● **Problem to solve**
Beneath this instruction is a block of data; output from it exactly the lines that run from the one containing "南京工业大学期末考试(A)卷" through the one containing "Bernhard Wicki - Zwei", inclusive.

Data records:

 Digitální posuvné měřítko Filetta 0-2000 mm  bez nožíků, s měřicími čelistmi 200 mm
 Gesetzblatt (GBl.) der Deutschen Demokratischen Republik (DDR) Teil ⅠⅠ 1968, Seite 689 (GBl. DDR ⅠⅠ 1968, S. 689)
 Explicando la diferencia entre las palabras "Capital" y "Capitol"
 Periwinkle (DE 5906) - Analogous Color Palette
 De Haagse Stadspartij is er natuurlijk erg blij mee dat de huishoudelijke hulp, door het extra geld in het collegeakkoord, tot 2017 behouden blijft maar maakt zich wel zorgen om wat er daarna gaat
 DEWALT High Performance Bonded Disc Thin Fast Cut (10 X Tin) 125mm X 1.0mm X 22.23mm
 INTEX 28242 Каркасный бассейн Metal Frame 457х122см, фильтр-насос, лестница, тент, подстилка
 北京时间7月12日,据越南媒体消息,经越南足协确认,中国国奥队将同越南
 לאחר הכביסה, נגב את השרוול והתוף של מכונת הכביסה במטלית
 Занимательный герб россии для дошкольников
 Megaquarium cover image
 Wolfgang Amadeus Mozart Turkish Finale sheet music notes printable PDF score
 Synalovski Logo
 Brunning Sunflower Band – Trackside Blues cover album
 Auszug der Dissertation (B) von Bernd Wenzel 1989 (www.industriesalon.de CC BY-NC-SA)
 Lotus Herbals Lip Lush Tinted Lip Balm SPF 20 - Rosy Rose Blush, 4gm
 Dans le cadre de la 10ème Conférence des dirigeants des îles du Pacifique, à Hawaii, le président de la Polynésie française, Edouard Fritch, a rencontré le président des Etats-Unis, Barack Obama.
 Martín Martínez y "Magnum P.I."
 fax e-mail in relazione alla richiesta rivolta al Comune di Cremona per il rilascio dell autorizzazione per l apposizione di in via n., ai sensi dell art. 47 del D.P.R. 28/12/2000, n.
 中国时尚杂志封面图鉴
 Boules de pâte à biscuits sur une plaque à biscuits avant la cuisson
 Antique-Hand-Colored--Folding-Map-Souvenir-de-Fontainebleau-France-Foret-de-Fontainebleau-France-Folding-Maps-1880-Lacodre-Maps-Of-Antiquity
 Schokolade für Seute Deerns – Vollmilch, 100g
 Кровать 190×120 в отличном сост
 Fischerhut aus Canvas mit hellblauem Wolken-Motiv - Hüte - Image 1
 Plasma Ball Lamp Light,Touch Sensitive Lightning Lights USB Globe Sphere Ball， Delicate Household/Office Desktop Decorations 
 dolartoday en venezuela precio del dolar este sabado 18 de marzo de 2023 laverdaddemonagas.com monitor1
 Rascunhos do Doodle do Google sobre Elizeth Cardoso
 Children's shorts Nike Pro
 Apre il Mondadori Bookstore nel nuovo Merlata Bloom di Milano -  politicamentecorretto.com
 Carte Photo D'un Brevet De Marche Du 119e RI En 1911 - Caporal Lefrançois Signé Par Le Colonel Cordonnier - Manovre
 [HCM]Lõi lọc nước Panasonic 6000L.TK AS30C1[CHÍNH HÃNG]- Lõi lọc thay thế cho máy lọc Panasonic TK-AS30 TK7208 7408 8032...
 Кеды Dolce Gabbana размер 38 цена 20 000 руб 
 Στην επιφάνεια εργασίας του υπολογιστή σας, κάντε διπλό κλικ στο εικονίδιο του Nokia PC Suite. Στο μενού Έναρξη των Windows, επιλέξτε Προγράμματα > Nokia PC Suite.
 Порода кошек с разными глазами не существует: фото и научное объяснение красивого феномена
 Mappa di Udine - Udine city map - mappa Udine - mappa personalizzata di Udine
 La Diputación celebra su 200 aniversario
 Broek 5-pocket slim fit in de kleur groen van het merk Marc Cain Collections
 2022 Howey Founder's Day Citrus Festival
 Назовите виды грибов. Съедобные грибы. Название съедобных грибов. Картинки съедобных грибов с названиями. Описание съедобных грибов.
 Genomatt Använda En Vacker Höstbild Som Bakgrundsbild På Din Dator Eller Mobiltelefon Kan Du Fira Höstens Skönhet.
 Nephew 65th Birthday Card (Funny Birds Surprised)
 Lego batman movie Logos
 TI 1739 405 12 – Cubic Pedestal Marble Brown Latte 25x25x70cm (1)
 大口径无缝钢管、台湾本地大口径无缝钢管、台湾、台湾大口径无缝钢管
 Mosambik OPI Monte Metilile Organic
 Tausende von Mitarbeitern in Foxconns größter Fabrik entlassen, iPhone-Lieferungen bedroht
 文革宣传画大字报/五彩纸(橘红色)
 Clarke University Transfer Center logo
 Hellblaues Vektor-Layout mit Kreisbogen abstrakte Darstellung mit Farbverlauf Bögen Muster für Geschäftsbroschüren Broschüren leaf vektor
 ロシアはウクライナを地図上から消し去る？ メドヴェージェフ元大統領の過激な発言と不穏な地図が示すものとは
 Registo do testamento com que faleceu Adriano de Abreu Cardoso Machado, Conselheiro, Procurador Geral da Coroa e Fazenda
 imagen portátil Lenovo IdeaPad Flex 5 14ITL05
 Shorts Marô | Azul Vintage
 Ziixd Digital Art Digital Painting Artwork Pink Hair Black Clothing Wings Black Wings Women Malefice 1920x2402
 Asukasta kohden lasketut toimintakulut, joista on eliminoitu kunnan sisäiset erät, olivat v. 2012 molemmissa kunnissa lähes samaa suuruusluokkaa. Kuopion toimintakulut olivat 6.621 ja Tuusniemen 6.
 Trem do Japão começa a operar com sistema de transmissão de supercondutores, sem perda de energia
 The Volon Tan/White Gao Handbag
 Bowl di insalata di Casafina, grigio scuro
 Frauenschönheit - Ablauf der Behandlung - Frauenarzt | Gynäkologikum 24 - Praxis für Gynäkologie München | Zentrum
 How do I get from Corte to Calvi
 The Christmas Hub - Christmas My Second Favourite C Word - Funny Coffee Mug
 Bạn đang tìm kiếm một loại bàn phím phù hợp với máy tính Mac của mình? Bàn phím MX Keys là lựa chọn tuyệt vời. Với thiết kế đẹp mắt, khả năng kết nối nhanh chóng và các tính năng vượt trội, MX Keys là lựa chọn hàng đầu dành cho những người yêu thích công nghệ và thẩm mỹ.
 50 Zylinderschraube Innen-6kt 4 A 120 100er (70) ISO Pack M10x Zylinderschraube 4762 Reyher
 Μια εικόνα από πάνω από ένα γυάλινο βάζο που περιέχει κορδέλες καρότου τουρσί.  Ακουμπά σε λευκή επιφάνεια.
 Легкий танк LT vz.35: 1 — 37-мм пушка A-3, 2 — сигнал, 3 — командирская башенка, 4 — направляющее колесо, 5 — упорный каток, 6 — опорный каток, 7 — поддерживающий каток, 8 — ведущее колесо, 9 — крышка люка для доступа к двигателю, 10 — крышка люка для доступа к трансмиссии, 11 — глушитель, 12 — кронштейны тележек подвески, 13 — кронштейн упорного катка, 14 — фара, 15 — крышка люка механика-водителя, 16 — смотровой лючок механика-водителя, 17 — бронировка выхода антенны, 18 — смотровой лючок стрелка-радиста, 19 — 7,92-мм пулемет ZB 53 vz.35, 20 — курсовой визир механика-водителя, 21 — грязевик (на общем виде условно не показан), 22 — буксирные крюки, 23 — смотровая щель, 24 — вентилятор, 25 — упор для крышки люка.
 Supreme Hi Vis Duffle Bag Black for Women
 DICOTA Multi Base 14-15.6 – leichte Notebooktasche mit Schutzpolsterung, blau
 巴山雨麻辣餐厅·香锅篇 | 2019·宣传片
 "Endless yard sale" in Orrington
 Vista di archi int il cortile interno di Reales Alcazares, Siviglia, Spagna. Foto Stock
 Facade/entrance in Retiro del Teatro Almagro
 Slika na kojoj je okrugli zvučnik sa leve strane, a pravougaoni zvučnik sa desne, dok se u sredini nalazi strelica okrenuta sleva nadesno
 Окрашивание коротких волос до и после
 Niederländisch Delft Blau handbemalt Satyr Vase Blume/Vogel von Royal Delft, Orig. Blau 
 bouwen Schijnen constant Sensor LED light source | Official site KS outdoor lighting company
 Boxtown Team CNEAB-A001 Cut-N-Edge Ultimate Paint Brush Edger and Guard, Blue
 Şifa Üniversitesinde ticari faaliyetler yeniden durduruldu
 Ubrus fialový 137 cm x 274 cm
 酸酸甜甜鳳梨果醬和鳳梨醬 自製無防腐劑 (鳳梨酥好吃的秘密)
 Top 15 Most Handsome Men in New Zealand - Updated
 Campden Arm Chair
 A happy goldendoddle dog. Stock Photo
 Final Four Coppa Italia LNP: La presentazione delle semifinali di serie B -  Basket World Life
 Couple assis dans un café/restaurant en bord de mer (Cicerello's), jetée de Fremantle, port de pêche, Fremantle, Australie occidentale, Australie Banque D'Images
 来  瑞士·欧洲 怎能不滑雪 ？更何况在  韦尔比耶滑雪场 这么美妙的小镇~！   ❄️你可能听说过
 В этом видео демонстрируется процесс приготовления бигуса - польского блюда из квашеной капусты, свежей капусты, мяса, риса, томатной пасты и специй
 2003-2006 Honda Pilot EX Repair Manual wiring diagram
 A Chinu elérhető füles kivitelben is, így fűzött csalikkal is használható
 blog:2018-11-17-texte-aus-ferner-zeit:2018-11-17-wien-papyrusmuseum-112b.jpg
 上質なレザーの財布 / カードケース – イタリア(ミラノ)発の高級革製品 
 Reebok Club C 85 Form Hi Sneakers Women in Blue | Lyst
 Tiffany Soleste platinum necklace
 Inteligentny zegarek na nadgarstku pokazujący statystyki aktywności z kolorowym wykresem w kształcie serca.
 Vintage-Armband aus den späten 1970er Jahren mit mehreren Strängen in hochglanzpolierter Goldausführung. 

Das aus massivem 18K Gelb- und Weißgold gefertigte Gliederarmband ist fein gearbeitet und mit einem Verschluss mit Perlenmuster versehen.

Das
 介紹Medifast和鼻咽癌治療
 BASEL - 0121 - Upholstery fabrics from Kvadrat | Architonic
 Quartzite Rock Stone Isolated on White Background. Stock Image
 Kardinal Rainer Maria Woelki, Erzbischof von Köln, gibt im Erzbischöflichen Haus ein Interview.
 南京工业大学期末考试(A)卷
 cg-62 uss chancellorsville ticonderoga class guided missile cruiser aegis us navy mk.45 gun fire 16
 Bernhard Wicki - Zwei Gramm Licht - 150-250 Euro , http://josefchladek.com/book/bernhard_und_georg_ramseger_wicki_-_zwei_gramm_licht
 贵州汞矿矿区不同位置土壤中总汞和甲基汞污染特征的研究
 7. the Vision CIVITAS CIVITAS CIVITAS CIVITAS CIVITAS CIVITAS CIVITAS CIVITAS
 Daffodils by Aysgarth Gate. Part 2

● **Completed exercise**
 南京工业大学期末考试(A)卷
 cg-62 uss chancellorsville ticonderoga class guided missile cruiser aegis us navy mk.45 gun fire 16
 Bernhard Wicki - Zwei Gramm Licht - 150-250 Euro , http://josefchladek.com/book/bernhard_und_georg_ramseger_wicki_-_zwei_gramm_licht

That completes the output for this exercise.